» Work order
Leave every image out, and return the rest of the data word for word.

» Information supplied
──────

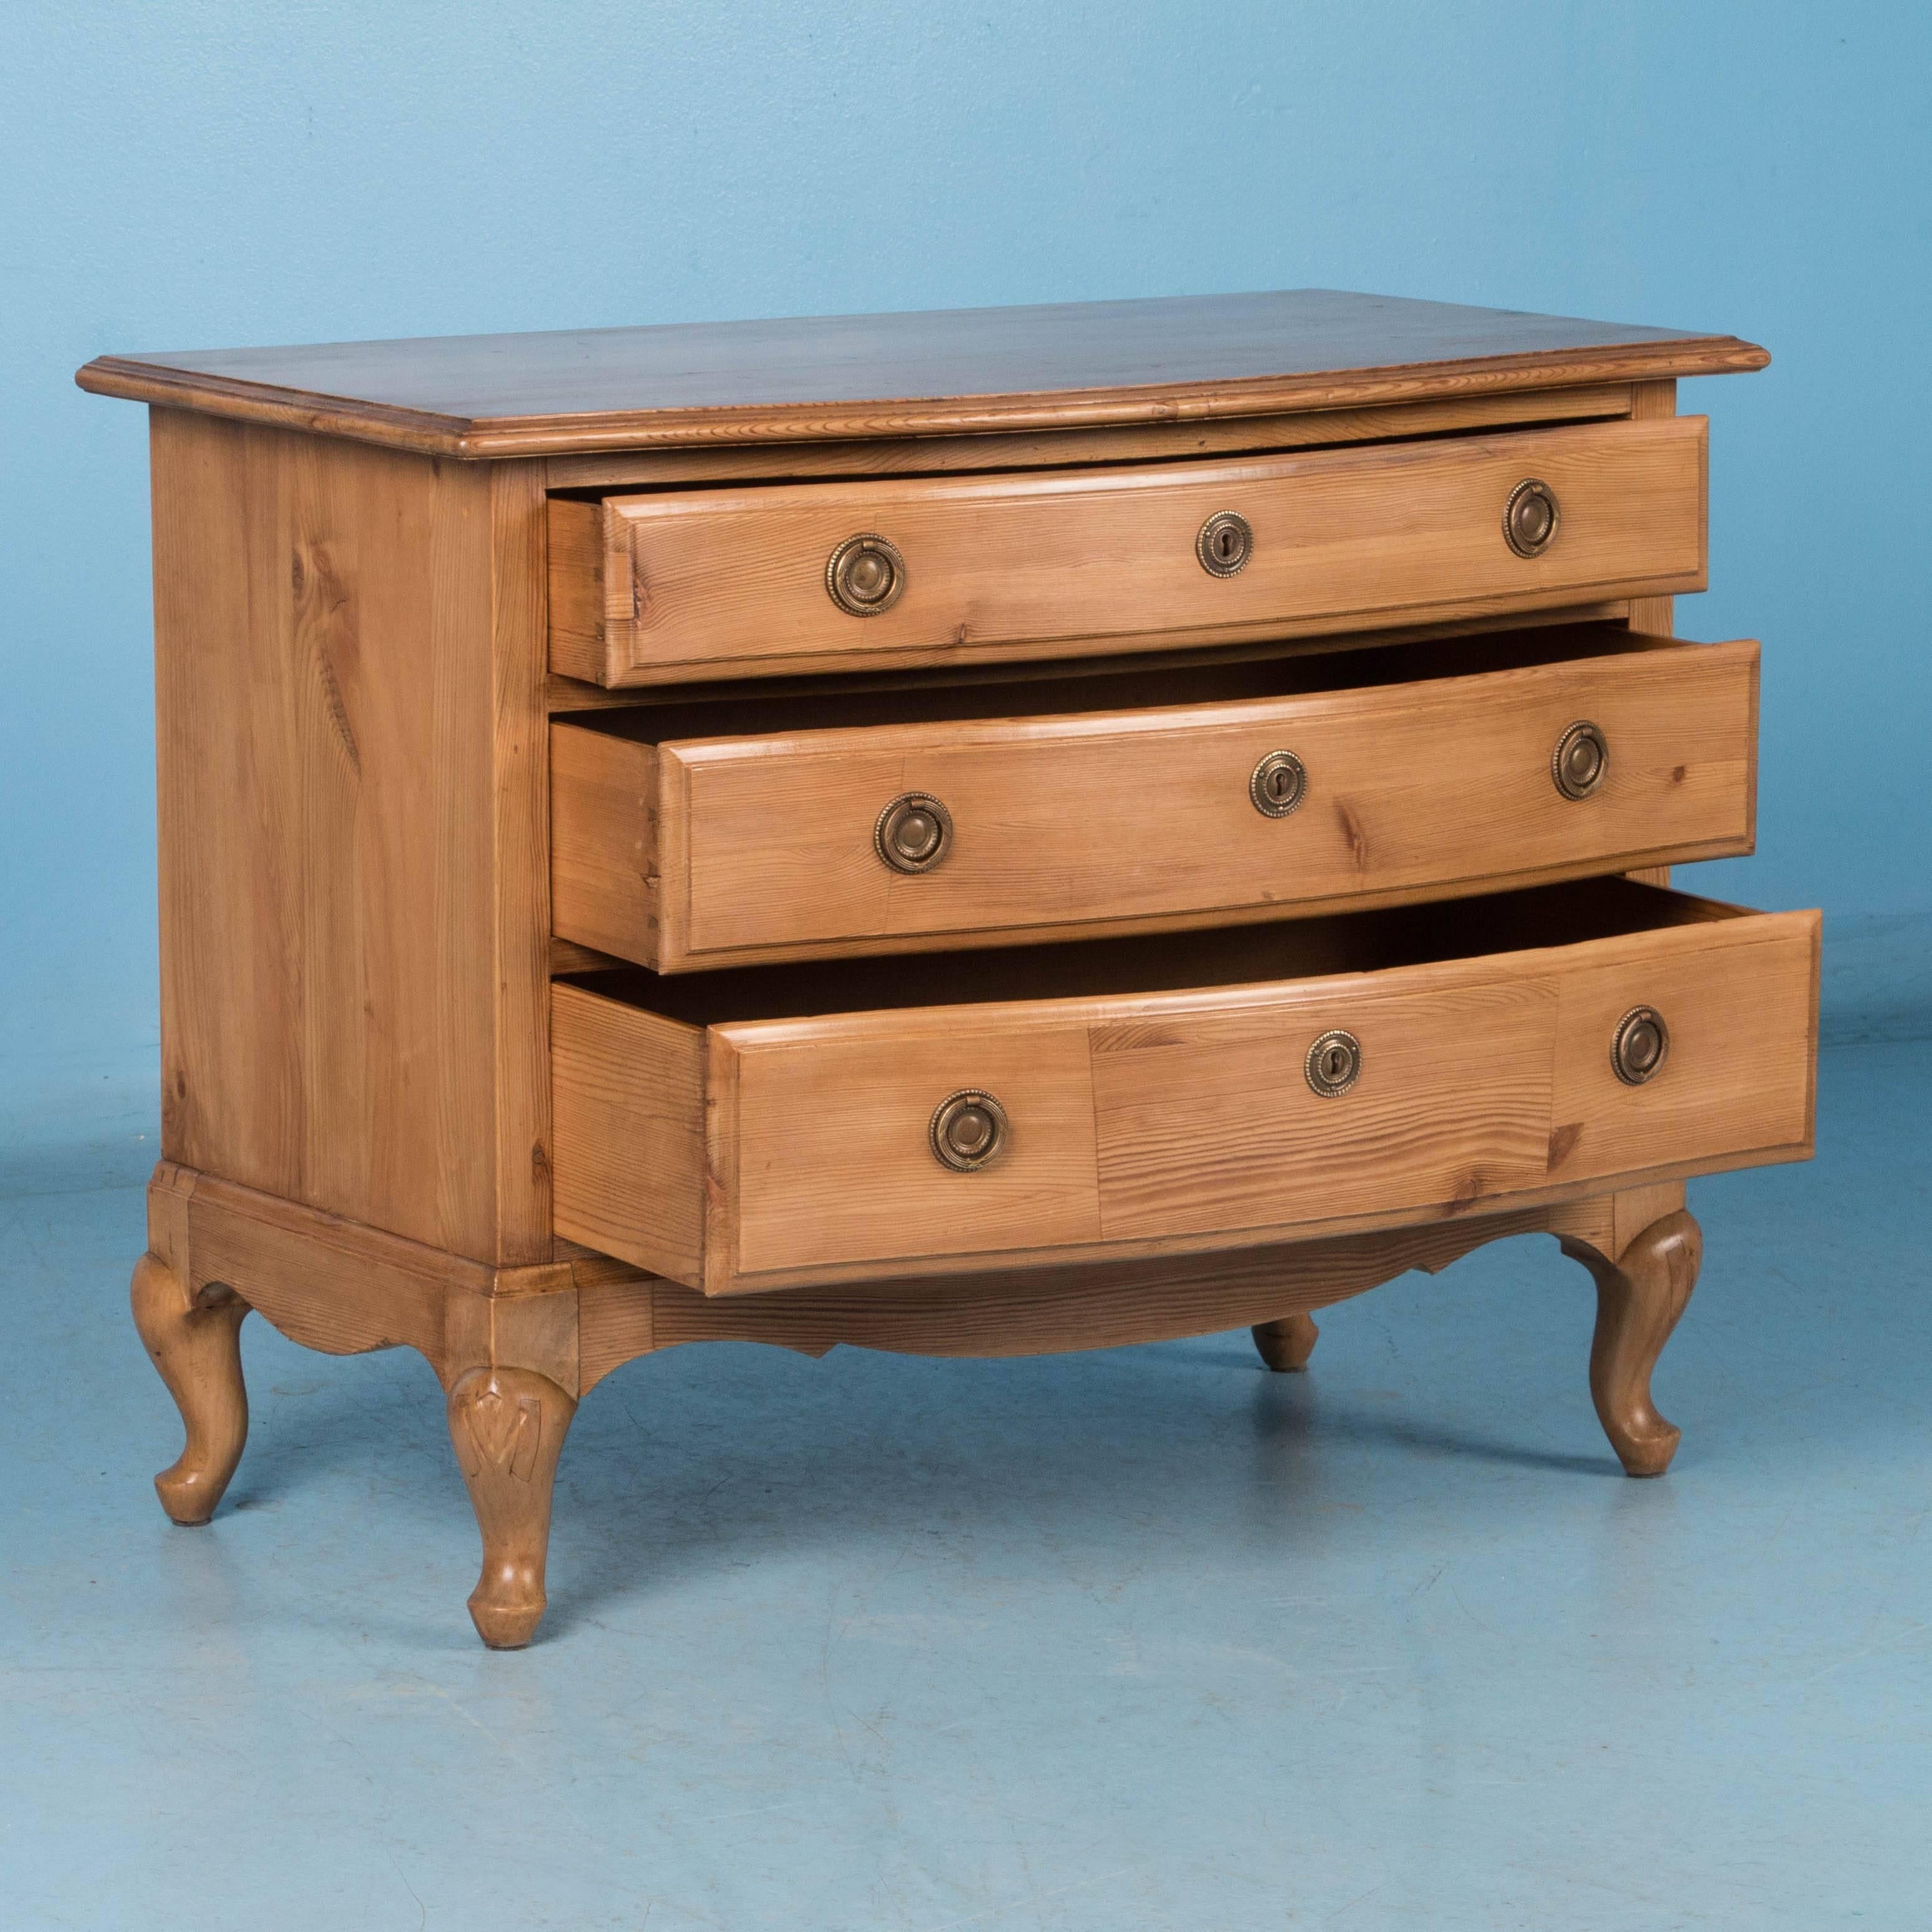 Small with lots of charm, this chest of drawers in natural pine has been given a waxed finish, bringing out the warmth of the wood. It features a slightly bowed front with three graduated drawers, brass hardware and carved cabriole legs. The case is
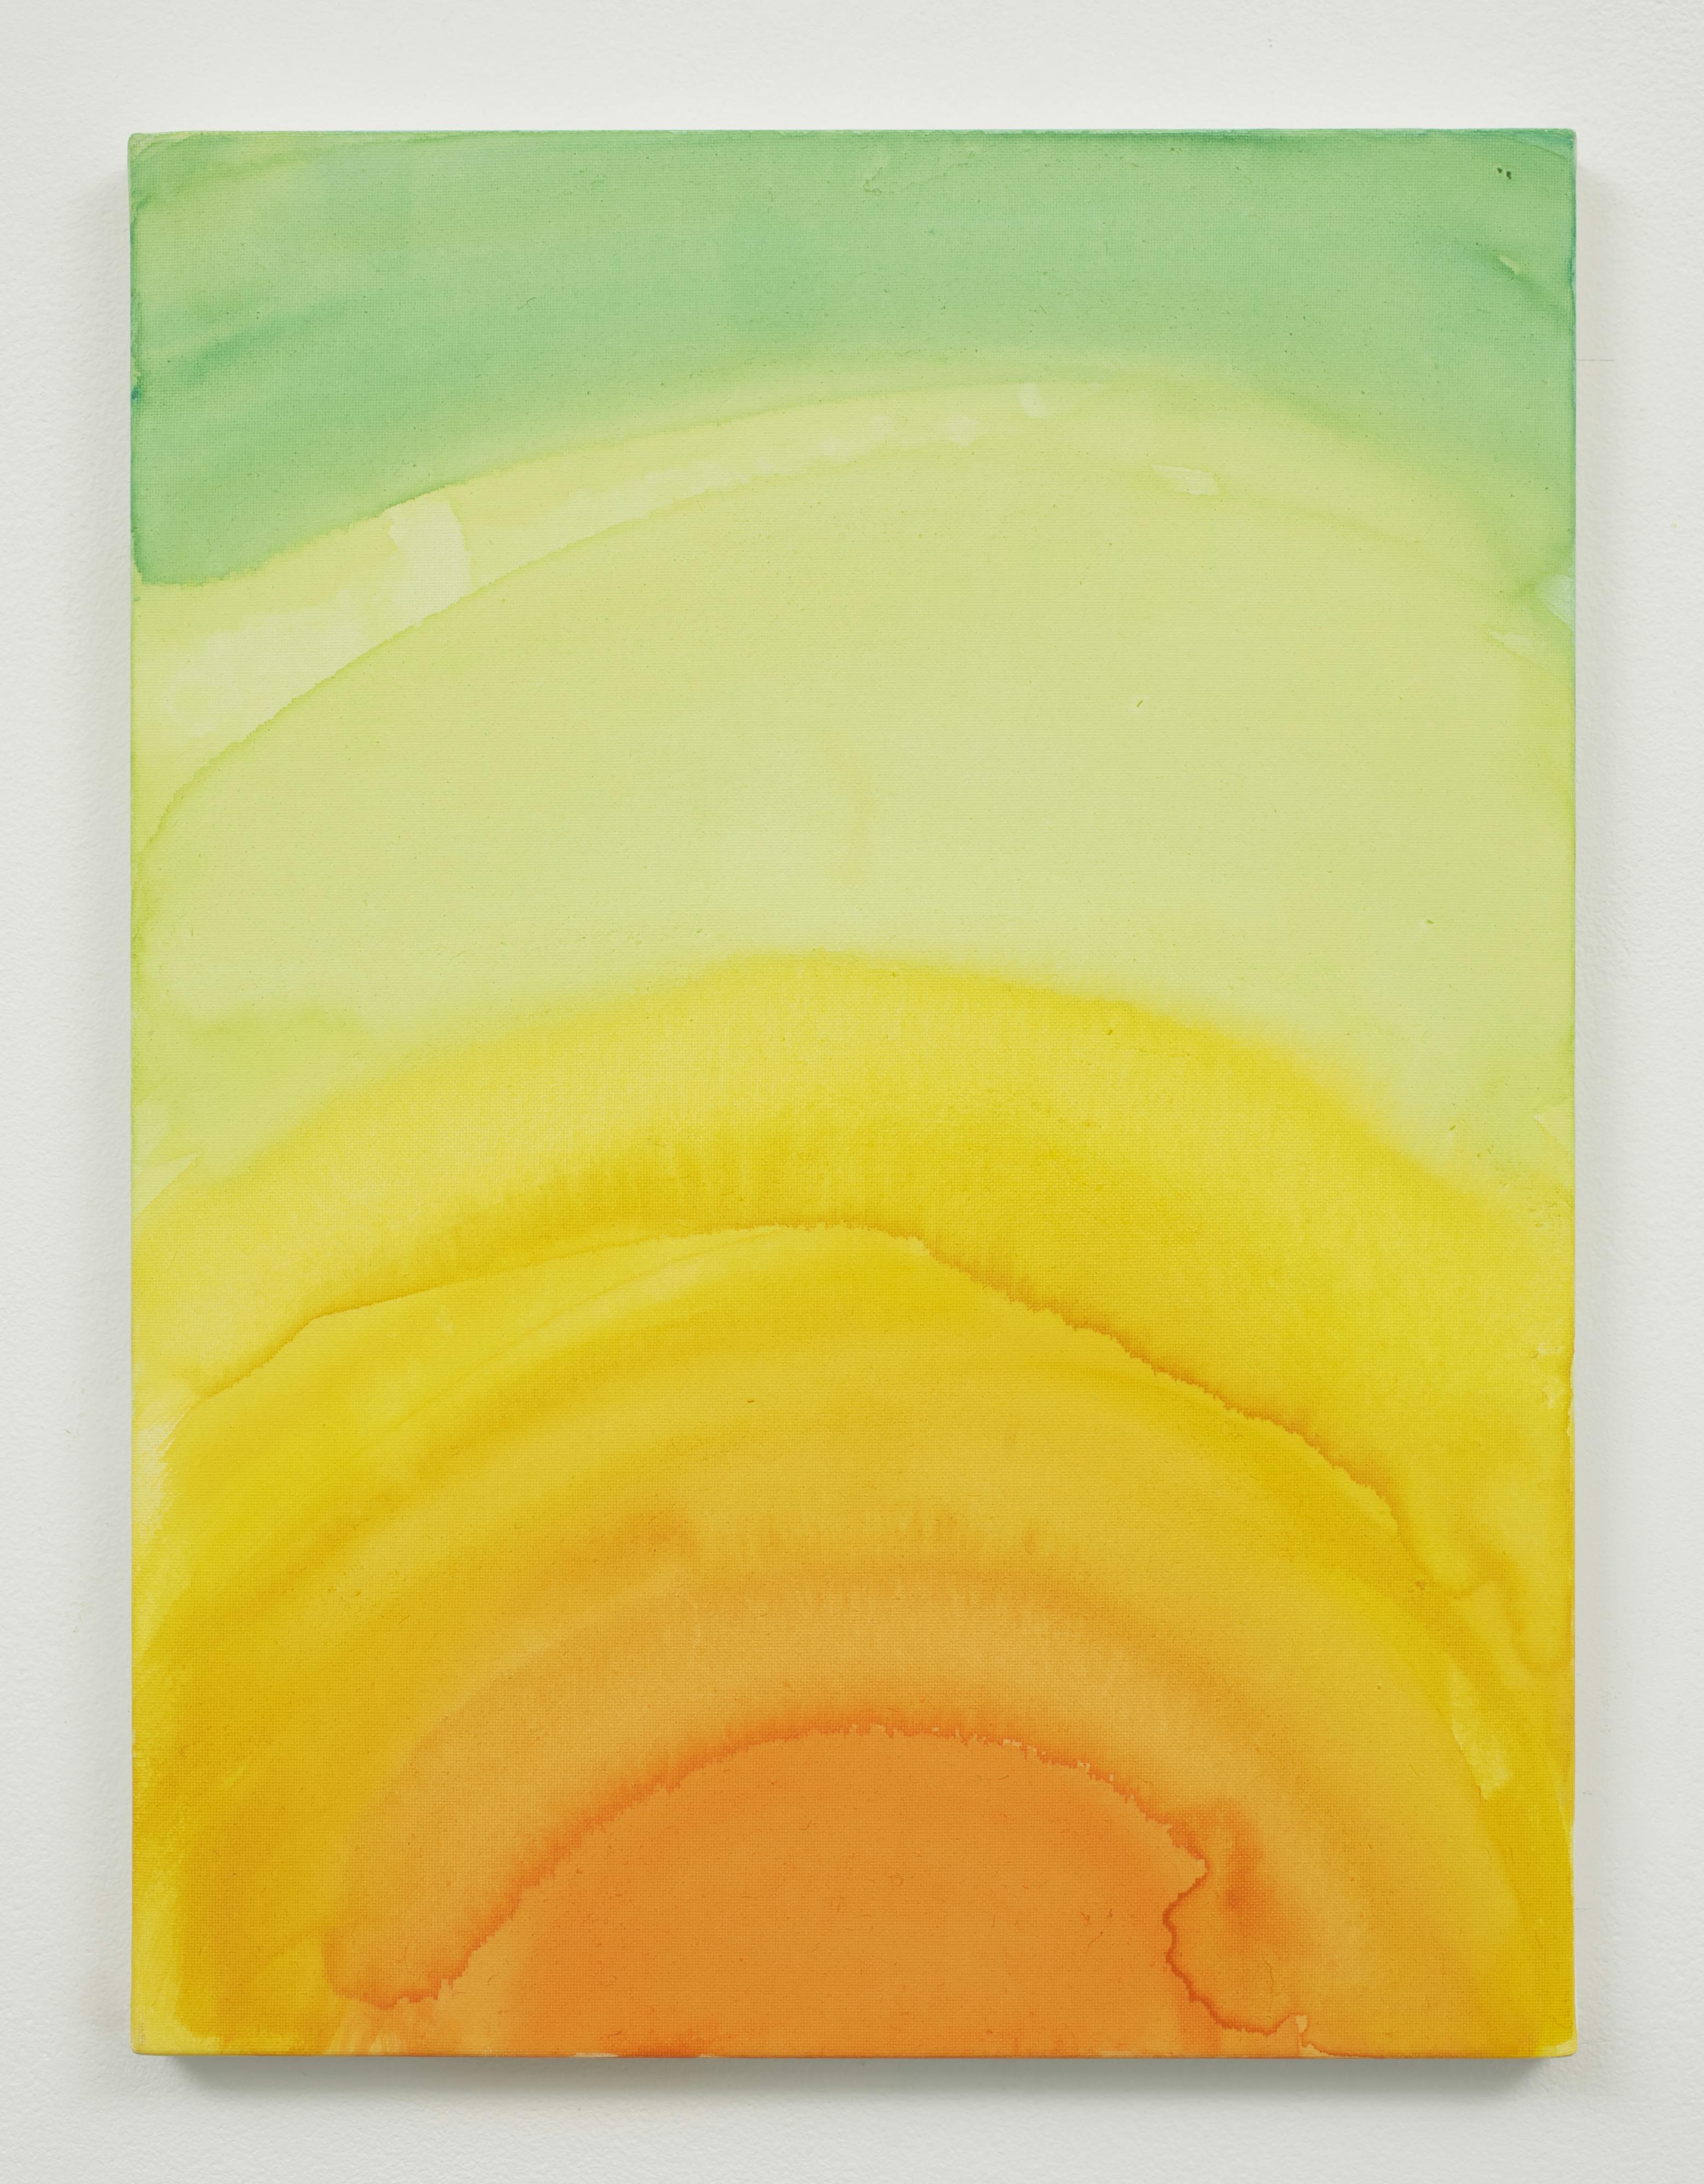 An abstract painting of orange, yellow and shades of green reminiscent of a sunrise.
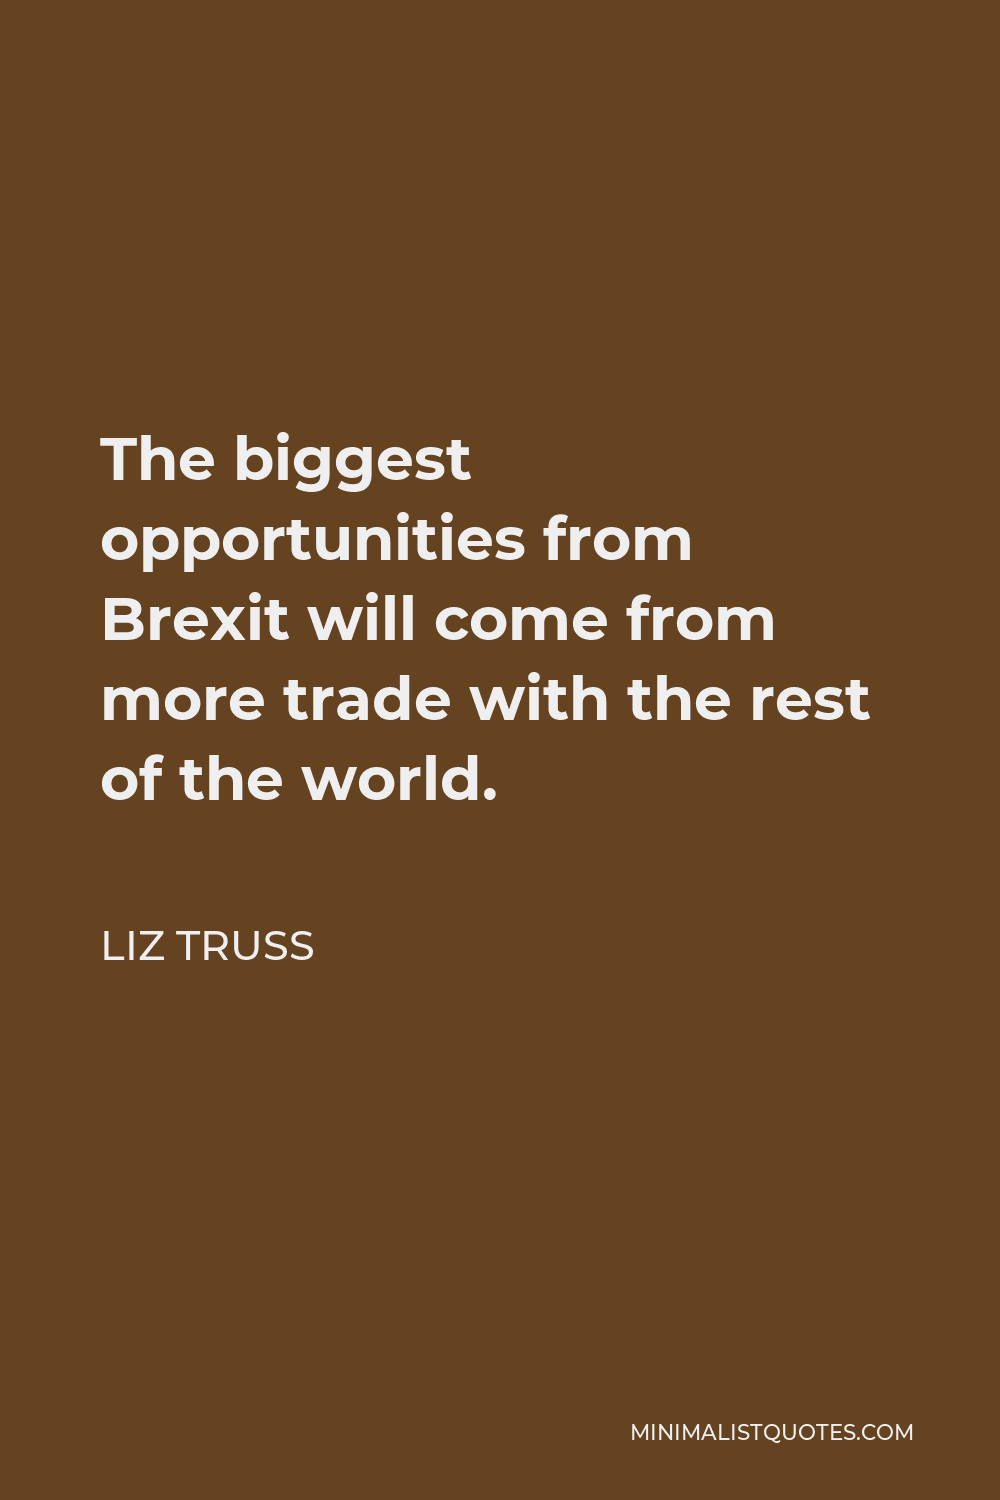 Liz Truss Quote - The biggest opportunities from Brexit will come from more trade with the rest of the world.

──────

» Response for this exercise
 Small with lots of charm, this chest of drawers in natural pine has been given a waxed finish, bringing out the warmth of the wood. It features a slightly bowed front with three graduated drawers, brass hardware and carved cabriole legs. The case is
 An abstract painting of orange, yellow and shades of green reminiscent of a sunrise.
 Liz Truss Quote - The biggest opportunities from Brexit will come from more trade with the rest of the world.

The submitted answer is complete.